Франция оказалась разделена надвое, ее правительство во главе с генералом Петеном находилось в Виши, в свободной зоне. Но Париж, несмотря на оккупацию, оставался истинной столицей Франции, где все хотели жить — и я первый. Быстро водворился черный рынок, и те, у кого были деньги, не нуждались ни в чем.
Рестораны обслуживали без карточек, хотя не имели на это права. Велосипеды заменили такси, и девушки улыбались, проезжая по Елисейским полям с развевающимися на ветру волосами. Потом наступило время «педальных такси»: мужчины с мускулистыми икрами передвигались по улицам аллюром, волоча прицеп, способный перевозить двух пассажиров. Многие смеялись над таким «такси», однако все пользовались этим недорогим видом транспорта.

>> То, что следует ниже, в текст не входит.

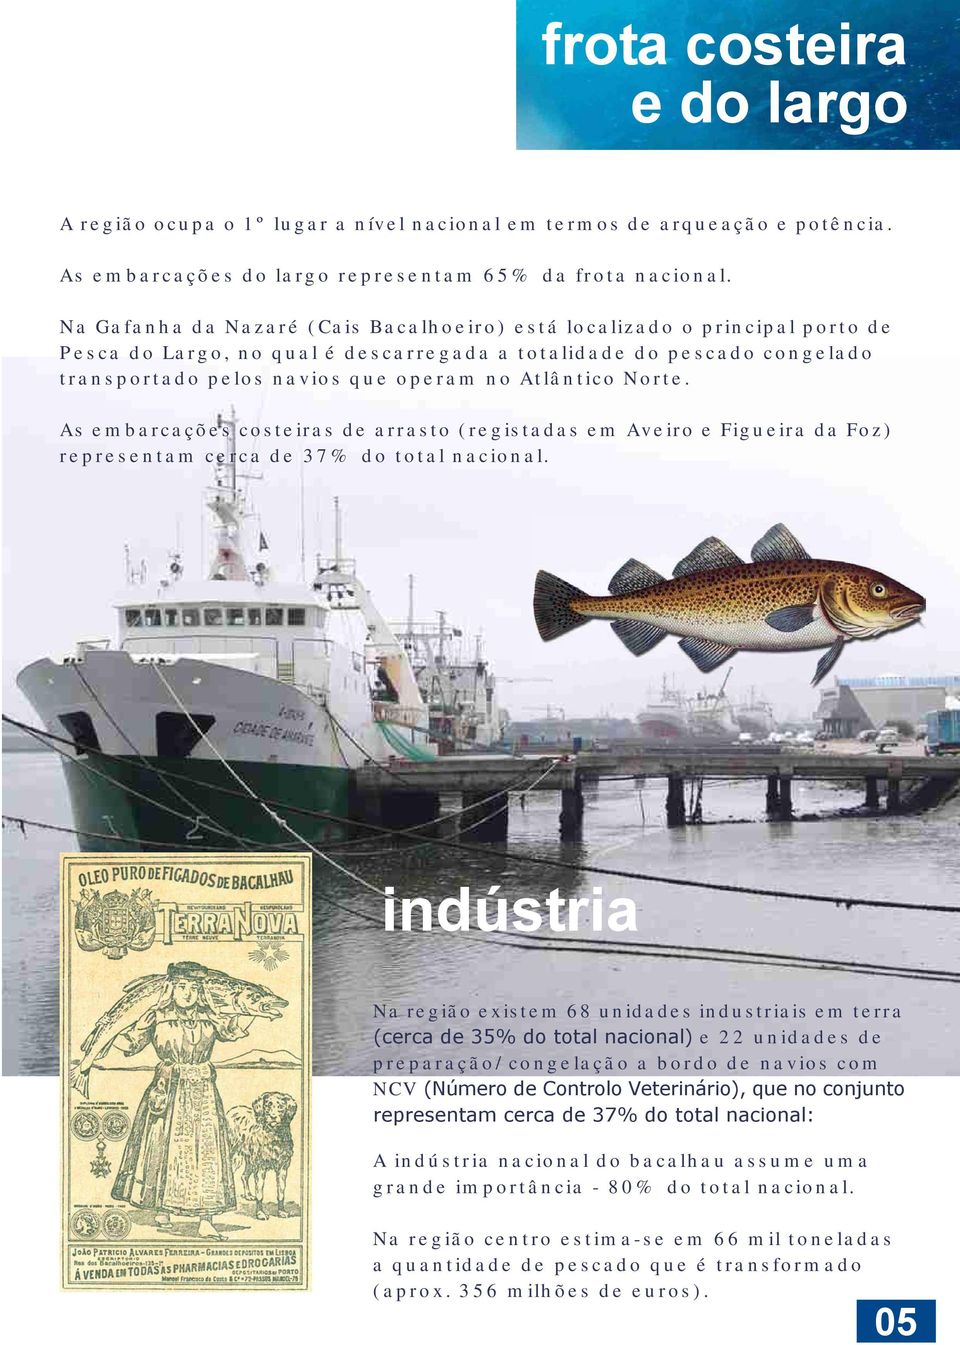 Norte. As embarcações costeiras de arrasto (registadas em Aveiro e Figueira da Foz) representam cerca de 37% do total nacional.
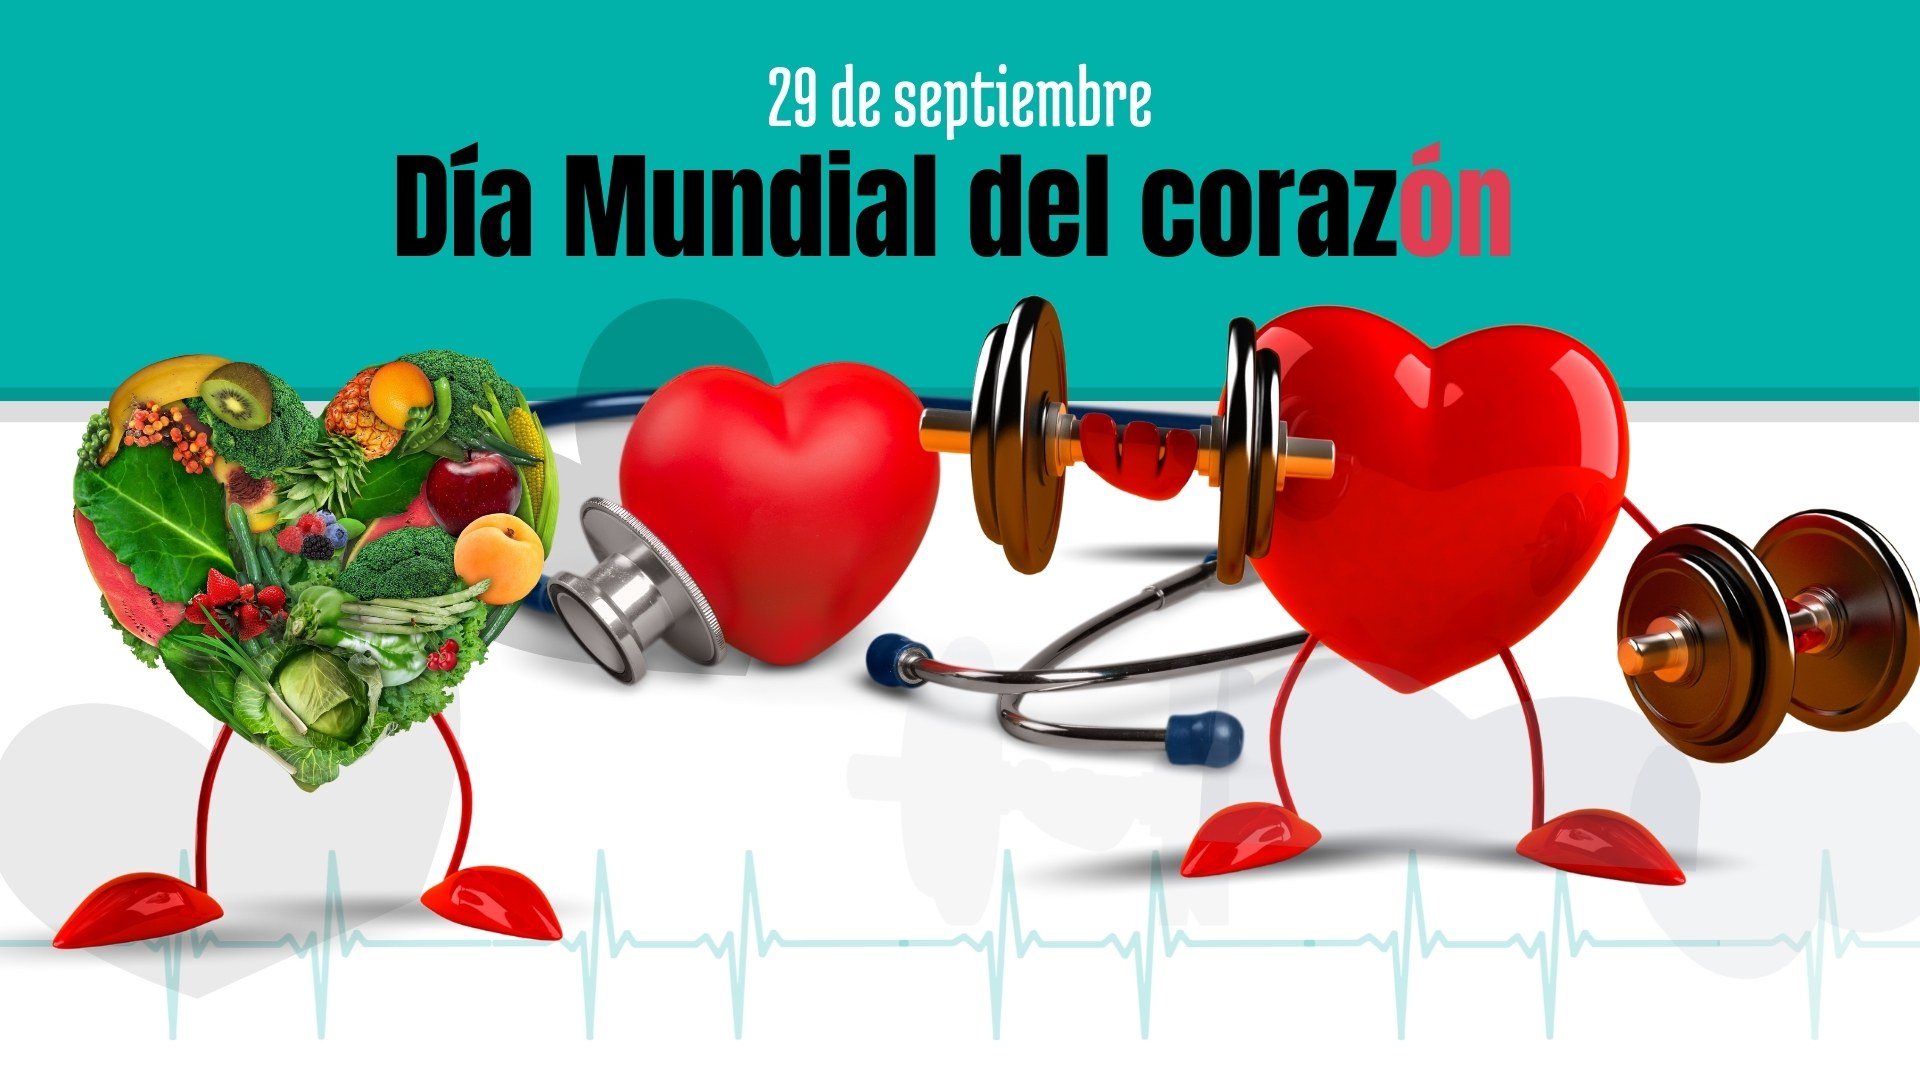 Día Mundial del corazón

Больше, чем когда-либо, женщины хотели быть модными. Чулки на черном рынке стоили запредельно, и женщины красили ноги красителем на основе чая, рисовали даже модную черную стрелку сзади на ноге. Но вершиной изобретательности стала обувь. Поскольку кожа исчезла из свободной продажи, делались башмаки из ткани на деревянной подошве. Можете мне поверить: в магазинах можно было увидеть обувь очень элегантную, готовую удовлетворить самых капризных покупательниц. Единственным ее недостатком был шум, который она производила при каждом шаге. Женщины всем сердцем отвергали такую горькую участь, но вся Франция распевала припев Мориса Шевалье: «Деревянные подметки, клик-клак».